Burstyn Igor, Slutsky Anton, Lee Derrick G, Singer Alison B, An Yuan, Michael Yvonne L
1. Department of Environmental and Occupational Health, School of Public Health, Drexel University, Philadelphia, PA, USA.
Ann Occup Hyg. 2014 May;58(4):482-92. doi: 10.1093/annhyg/meu006. Epub 2014 Feb 6.
Epidemiologists typically collect narrative descriptions of occupational histories because these are less prone than self-reported exposures to recall bias of exposure to a specific hazard. However, the task of coding these narratives can be daunting and prohibitively time-consuming in some settings. The aim of this manuscript is to evaluate the performance of a computer algorithm to translate the narrative description of occupational codes into standard classification of jobs (2010 Standard Occupational Classification) in an epidemiological context. The fundamental question we address is whether exposure assignment resulting from manual (presumed gold standard) coding of the narratives is materially different from that arising from the application of automated coding. We pursued our work through three motivating examples: assessment of physical demands in Women's Health Initiative observational study, evaluation of predictors of exposure to coal tar pitch volatiles in the US Occupational Safety and Health Administration's (OSHA) Integrated Management Information System, and assessment of exposure to agents known to cause occupational asthma in a pregnancy cohort. In these diverse settings, we demonstrate that automated coding of occupations results in assignment of exposures that are in reasonable agreement with results that can be obtained through manual coding. The correlation between physical demand scores based on manual and automated job classification schemes was reasonable (r = 0.5). The agreement between predictive probability of exceeding the OSHA's permissible exposure level for polycyclic aromatic hydrocarbons, using coal tar pitch volatiles as a surrogate, based on manual and automated coding of jobs was modest (Kendall rank correlation = 0.29). In the case of binary assignment of exposure to asthmagens, we observed that fair to excellent agreement in classifications can be reached, depending on presence of ambiguity in assigned job classification (κ = 0.5-0.8). Thus, the success of automated coding appears to depend on the setting and type of exposure that is being assessed. Our overall recommendation is that automated translation of short narrative descriptions of jobs for exposure assessment is feasible in some settings and essential for large cohorts, especially if combined with manual coding to both assess reliability of coding and to further refine the coding algorithm.

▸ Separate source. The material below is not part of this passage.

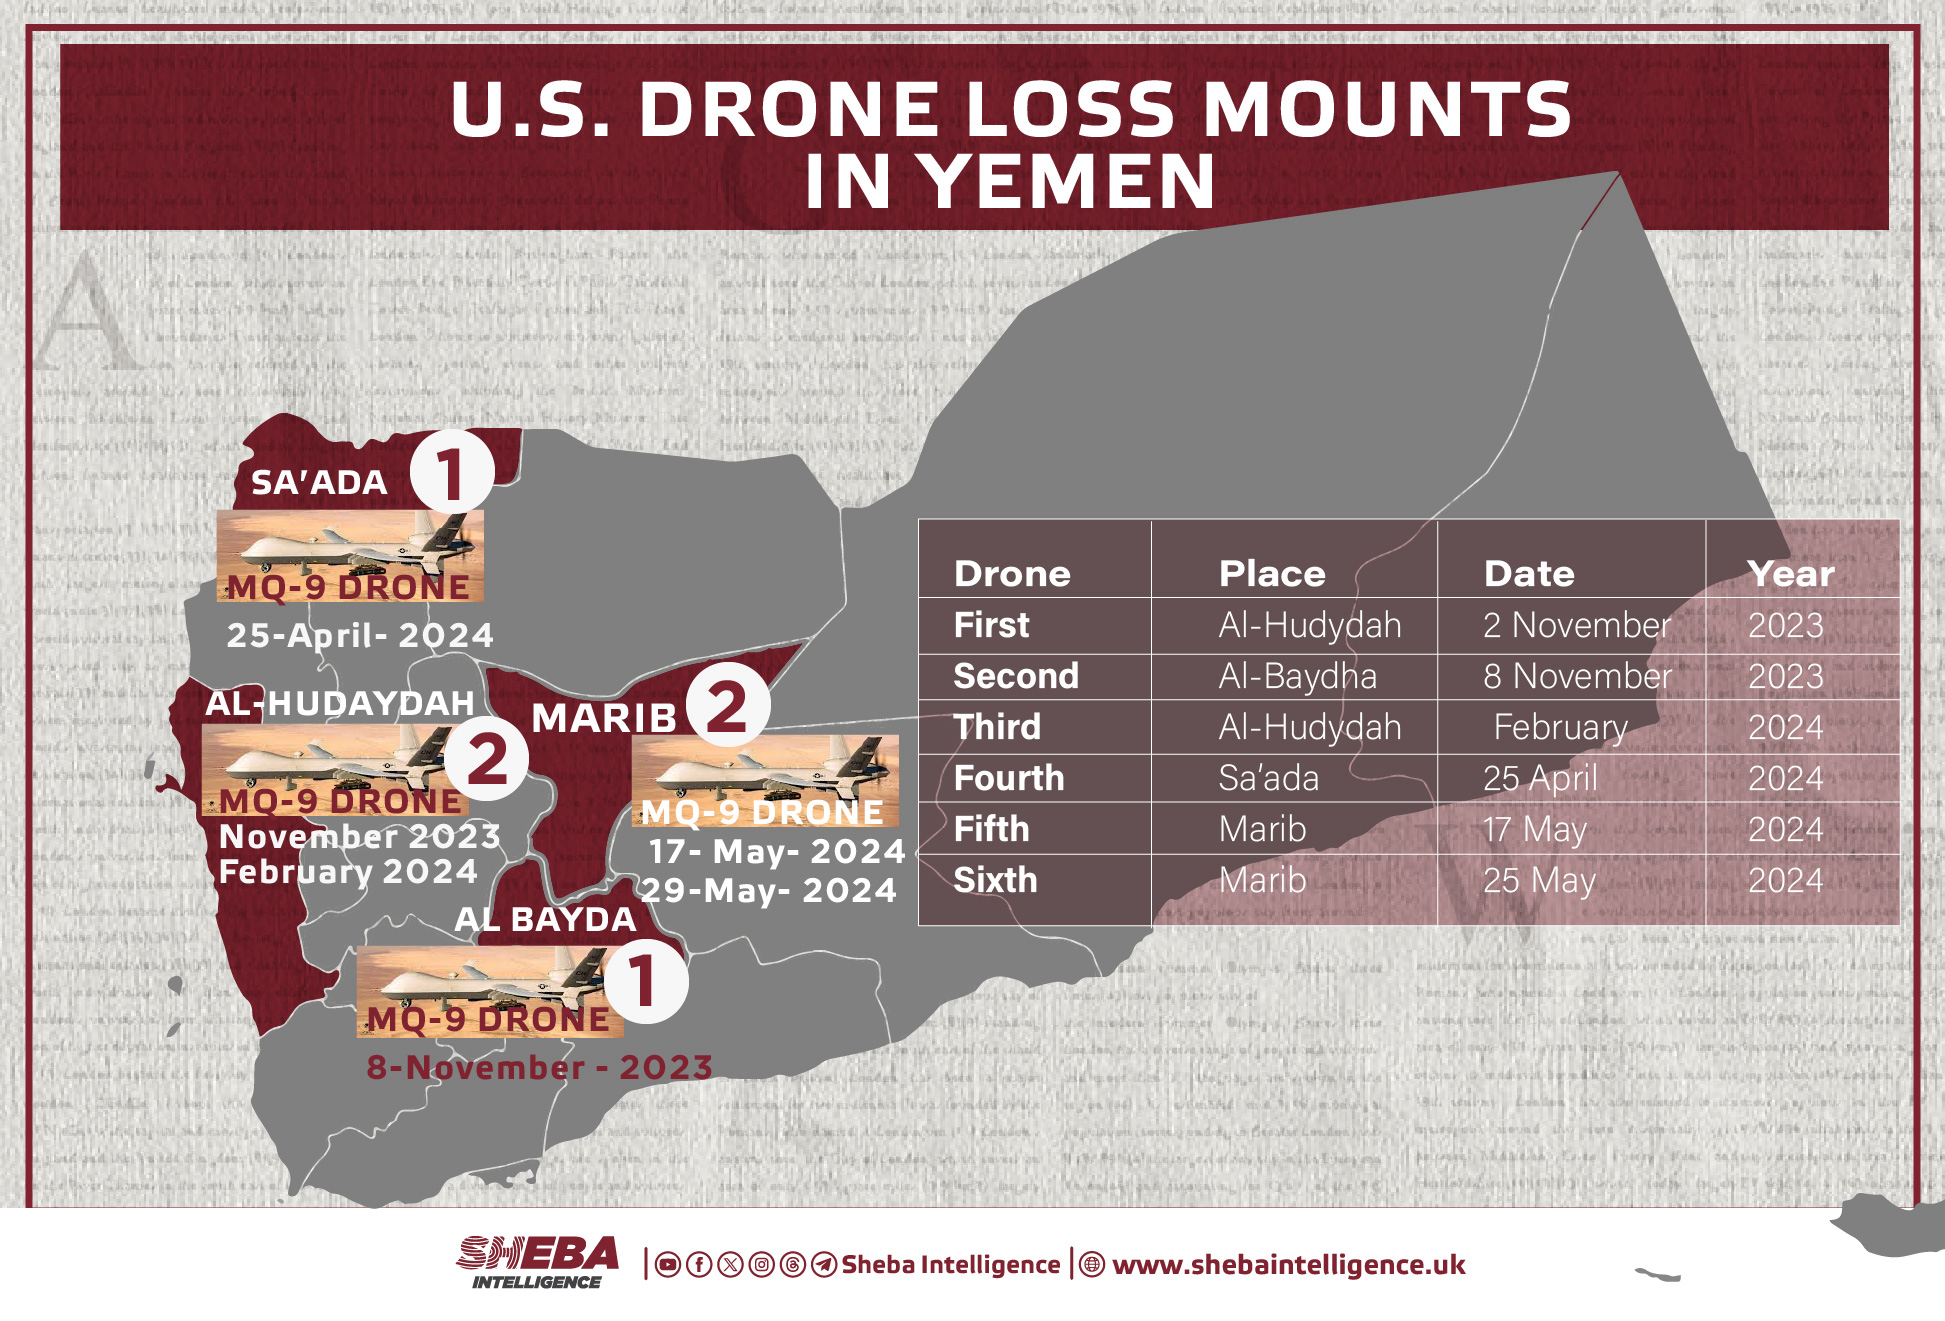 U.S. Drone Loss Mounts in Yemen

流行病学家通常收集职业史的叙述性描述,因为与自我报告的暴露情况相比,这些描述较不易受到回忆特定危害暴露偏差的影响。然而,在某些情况下,对这些叙述进行编码的任务可能令人生畏且耗时过长。本手稿的目的是评估一种计算机算法在流行病学背景下将职业代码的叙述性描述转换为标准职业分类(2010年标准职业分类)的性能。我们要解决的基本问题是,对叙述进行人工编码(假定为金标准)所产生的暴露赋值与应用自动编码所产生的暴露赋值是否存在实质性差异。我们通过三个具有启发性的例子开展工作:在妇女健康倡议观察性研究中评估体力需求、在美国职业安全与健康管理局(OSHA)的综合管理信息系统中评估接触煤焦油沥青挥发物的预测因素,以及在一个妊娠队列中评估接触已知会导致职业性哮喘的物质的情况。在这些不同的场景中,我们证明职业的自动编码所产生的暴露赋值与通过人工编码获得的结果合理一致。基于人工和自动职业分类方案的体力需求得分之间的相关性合理(r = 0.5)。基于工作的人工和自动编码,以煤焦油沥青挥发物为替代物,超过OSHA多环芳烃允许暴露水平的预测概率之间的一致性一般(肯德尔等级相关 = 0.29)。在哮喘原暴露的二元赋值情况下,我们观察到根据所分配职业分类中是否存在模糊性,分类的一致性可达一般到良好(κ = 0.5 - 0.8)。因此,自动编码的成功似乎取决于所评估的暴露场景和类型。我们的总体建议是,在某些情况下,对用于暴露评估的简短工作叙述性描述进行自动翻译是可行的,对于大型队列来说是必不可少的,特别是如果与人工编码相结合,既能评估编码的可靠性,又能进一步完善编码算法。